Parallel Stent Graft Repair of Arch Aneurysm
Kate X. Peng, Victor J Davila, Samuel R Money
Mayo Clinic Arizona, Phoenix, AZ
Aortic dissection with aortic arch involvement in zones 0 and 1 pose a technical challenge for endovascular repair.
We propose a 2-stage procedure involving aortic arch debranching followed by parallel stent grafting.
We present a 70-year-old male with aortic dissection involving zone 0 of the aortic arch. He previously had a 4-vessel coronary artery bypass graft and subsequently developed a type A aortic dissection with aortic insufficiency, requiring redo sternotomy, ascending aorta replacement with Hemashield graft, aortic root replacement with porcine Xenograft, and reimplantation of saphenous vein grafts. He had a LIMA to LAD bypass, which was left intact.

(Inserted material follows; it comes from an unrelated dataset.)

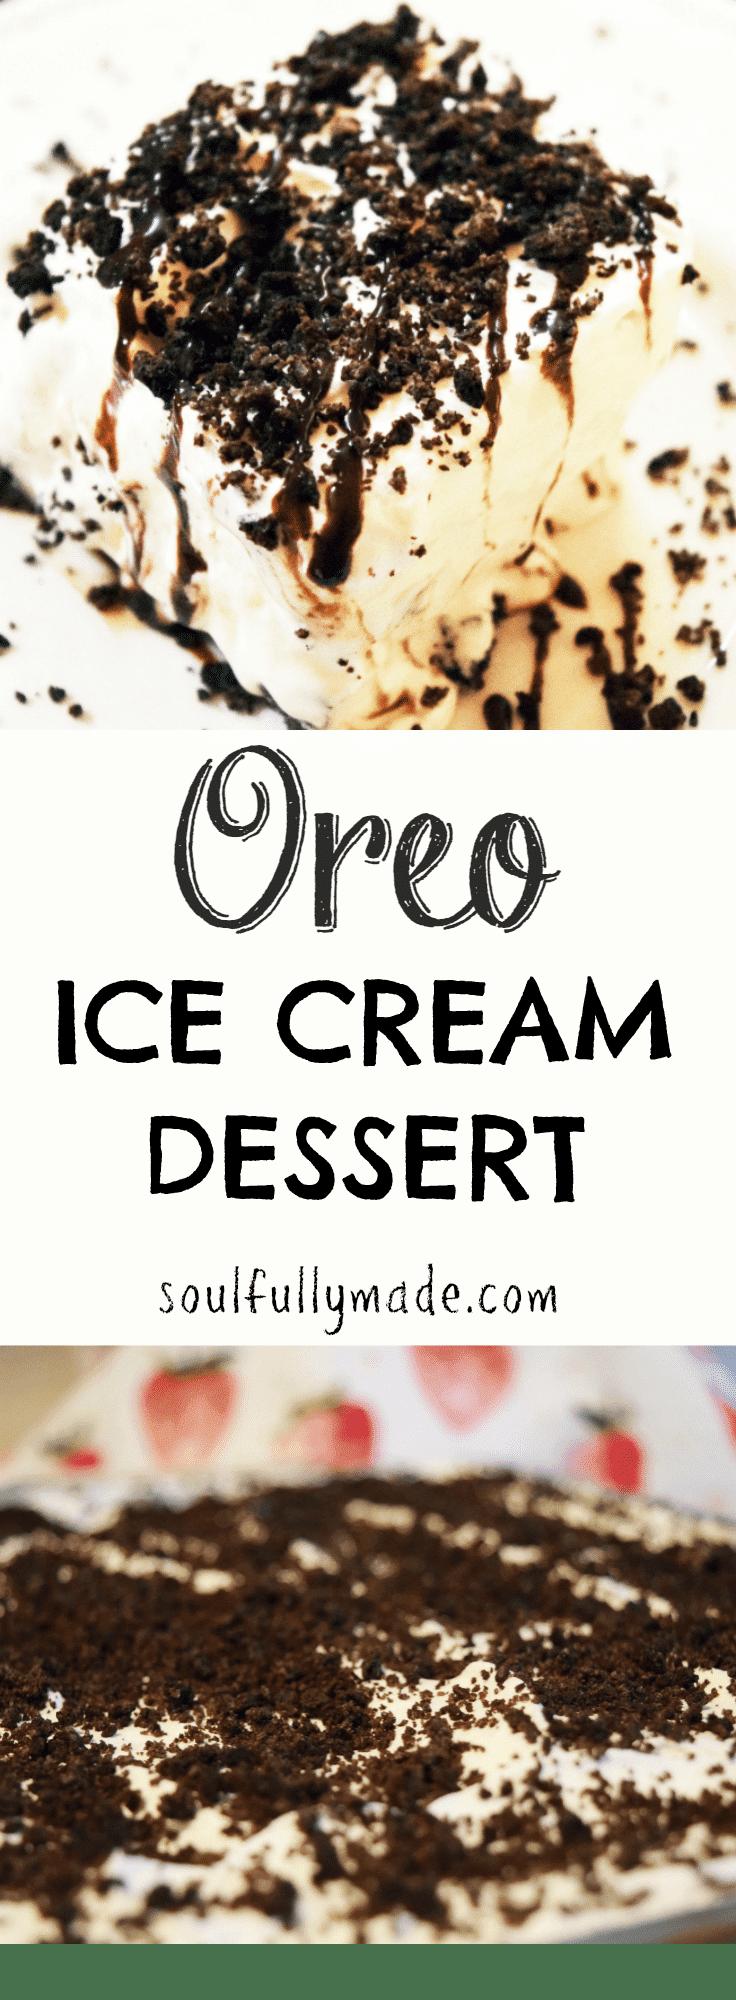 Oreo Ice Cream Dessert.

The patient presented to us with a symptomatic 6-cm aortic dissection with aneurysmal degeneration involving zone 0 of the arch extending distally through the descending aorta, abdominal aorta, left common and external iliac artery. He was deemed too high risk to undergo an open redo sternotomy. A 2-stage procedure was planned, involving debranching of the aortic arch vessels followed by endovascular stenting.
We first performed a retroesophageal right to left common carotid artery bypass and a left carotid to left axillary artery bypass. An 8-mm ringed polytetrafluoroethylene graft was utilized for both. The proximal left common carotid artery was ligated after ensuring good flow through the bypass grafts.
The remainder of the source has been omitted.